A duplex mismatch occurs when two connected devices are configured in different duplex modes. This may happen for example if one is configured for autonegotiation while the other one has a fixed mode of operation that is full duplex (no autonegotiation). In such conditions, the autonegotiation device correctly detects the speed of operation, but is unable to correctly detect the duplex mode. As a result, it sets the correct speed but starts using the half duplex mode.

When a device is operating in full duplex while the other one operates in half duplex, the connection works at a very low speed if both devices attempt to send frames at the same time. This is because data can be sent in both directions at the same time in full duplex mode, but only in one direction at a time in half duplex mode. As a result, a full duplex device may transmit data while it is receiving. However, if the other device is working in half duplex, it does not expect to receive data (because it is currently sending); therefore, it senses a collision and attempts to resend the frame it was sending. Depending on timing the half duplex device may sense a late collision, which it will interpret as a hard error rather than a normal consequence of CSMA/CD and will not attempt to resend the frame. On the other hand, the full duplex device does not detect any collision and does not resend the frame, even if the other device has discarded it as corrupted by collision. Still, the full duplex device, not expecting incoming frames to be truncated by collision detection, will report frame check sequence errors.
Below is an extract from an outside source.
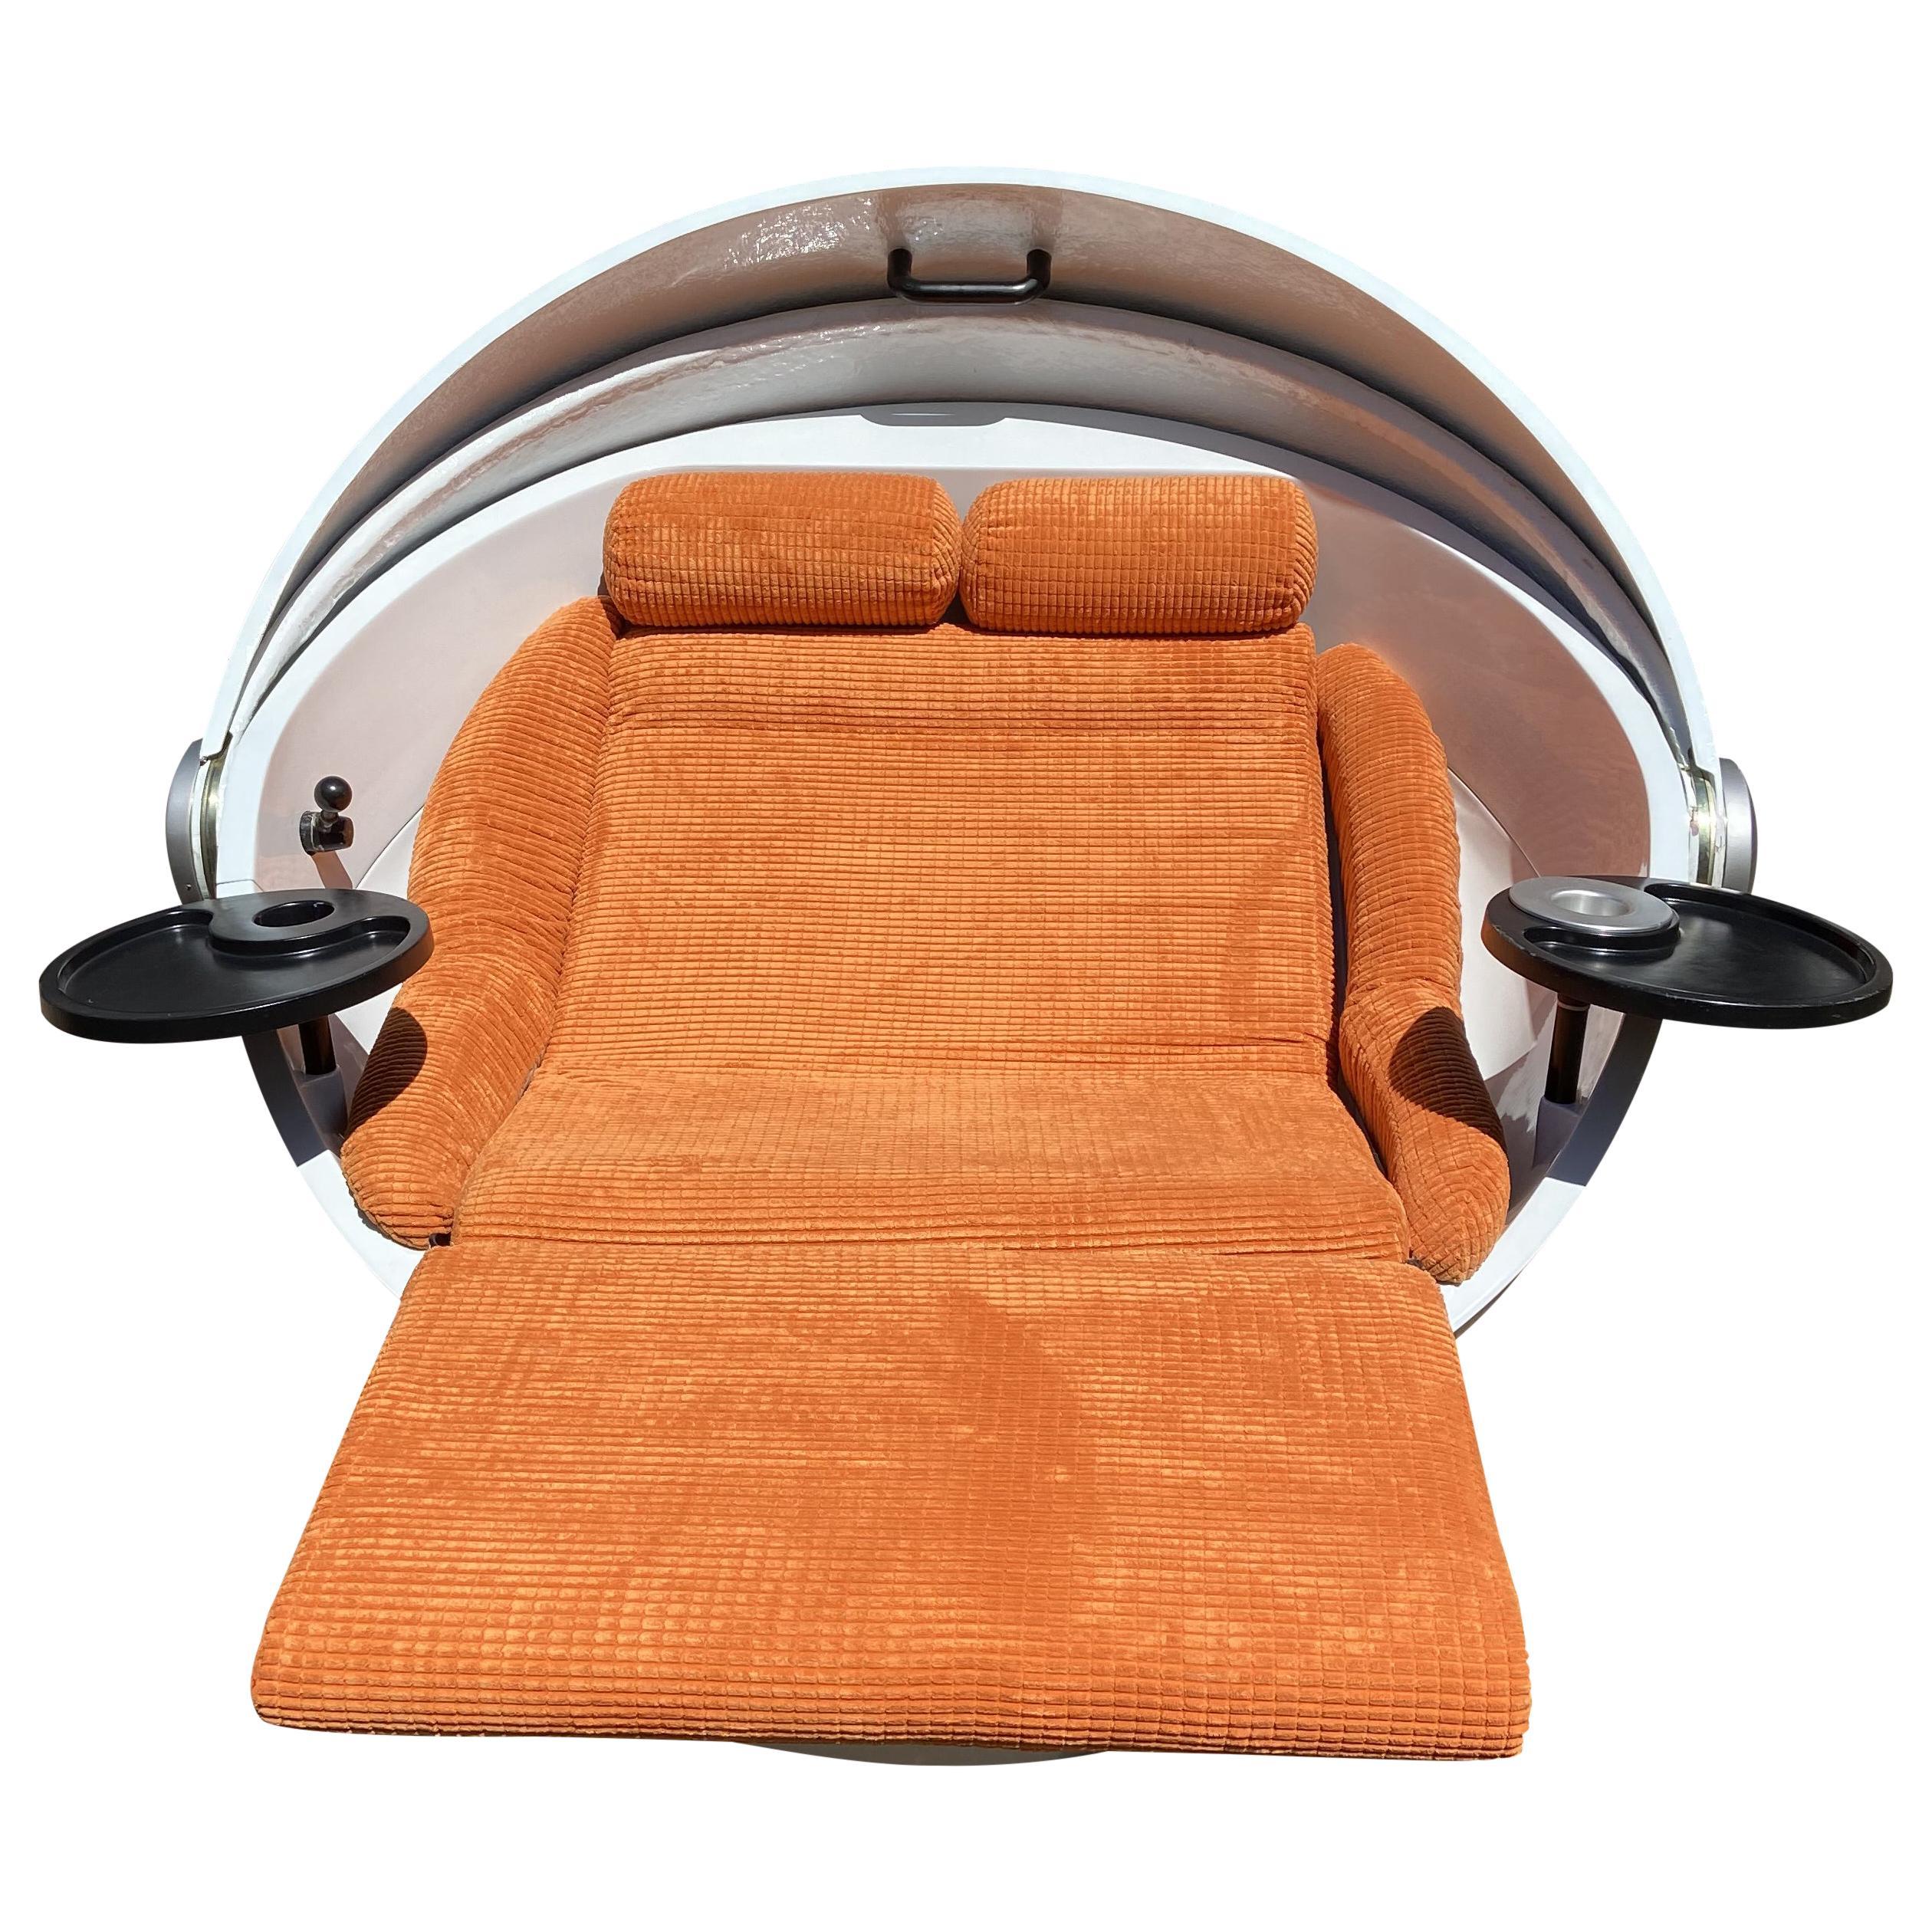 Original Sunball Chair by Gunter Ris and Ferdinand Selldorf for Rosenthal

This combination of late collisions reported at the half-duplex end and FCS errors reported by the full duplex end can be used as an indication that a duplex mismatch is present.

This packet loss happens when both devices are transmitting at the same time. This may happen even when the link is used, from the user's perspective, in one direction only. A TCP stream requires all packets sent to be acknowledged by the receiving device. As a result, even if actual data is sent in one direction only, collision may be generated with acknowledgement packets traveling in the other direction.